This was a personal project in which I attempted to predict the result of the remaining premier league games and the final premier league table for the 2019/20 season.

Premier league ball

The premier league is a 38 games competition where the best teams in England compete for the title, qualification to the top european competition (Champions League) and 2nd european competition (Europa League) and try to avoid relegation to a lower division. So, for most seasons for all teams every game count no matter where you are in the table and what you are trying to achieve. However, this season Liverpool are most certainly going to win the title and Manchester city seem to be set for 2nd. But there is some debate over who will get 3rd and 4th and who will go down. This is important as it has huge financial implications and can change a clubs’ transfer planning. So I wanted to predict the final result and table to see where the team I support (Manchester United) would end up.

Tools and environment

  • Python 2.7
  • Jupyter Notebook
  • Numpy
  • Pandas
  • Matplotlib
  • Scikit-learn (LogisticRegression)

Dataset

Datasets from football-data, Kaggle and soccersoda were selected for the premier league games that were played, the remaining fixtures and the historical premier league games dataset. Taking care to remove games that where either team were not in the current premier league season from the historical dataset as I didn’t want those result to add weight and potentially bias the model.
Dataset EDA

Building the model

A logistic regression over a linear regression was selected for the model.
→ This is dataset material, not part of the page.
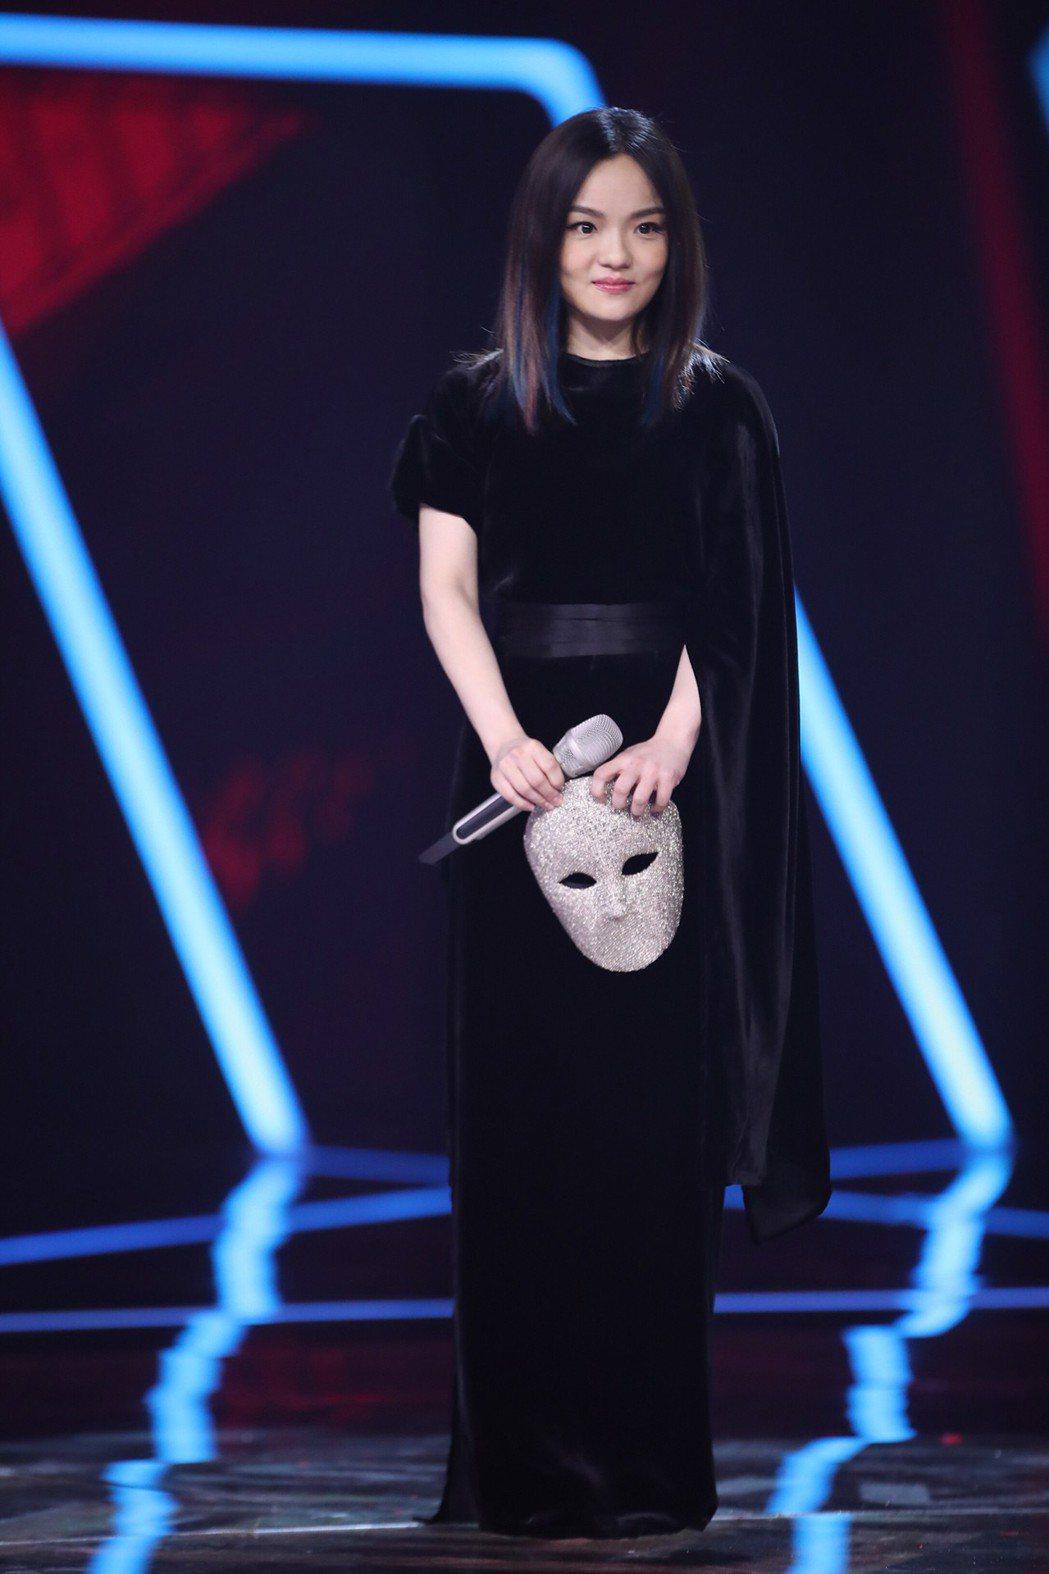 徐佳瑩的嗓音獨特,參加「蒙面唱將猜猜猜3」立刻被猜出身分。圖/亞神音樂提供

With logistic regression there are a finite number of outcomes that can be predicted whereas a linear regression has an infinite number of outcomes. In football there are only three possible outcome of a match: win, lose or draw. So, there isn’t infinite outcomes for a match. In addition to this it also had one of the higher accuracy when looking at model using similar analytical techniques.

Results

The model accuracy is 52%. Not the best accuracy but it can be improved. Let see how it does with the game and results prediction. Image of the final table vs current table.
Model Accuracy
Premier league ball
Premier Table

From the table some key observations:

  • Liverpool win the title with 89 points
  • Leicester, Manchester City and Chelsea finished 2nd,3rd and 4th respectively and qualify for champions league
  • Manchester United and Wolves get 5th and 6th respectively and qualify for Europa league
  • Watford, Sheffield United, Brighton get relegated to the championship

As mentioned before the model accuracy could be improved as there are a few result that are unlikely at this point in the season e.g. Sheffield United getting relegated. But there are obvious application in not only sport industry (betting) but also other industry e.g. in marketing it can be used to predict sales and help make informed decisions.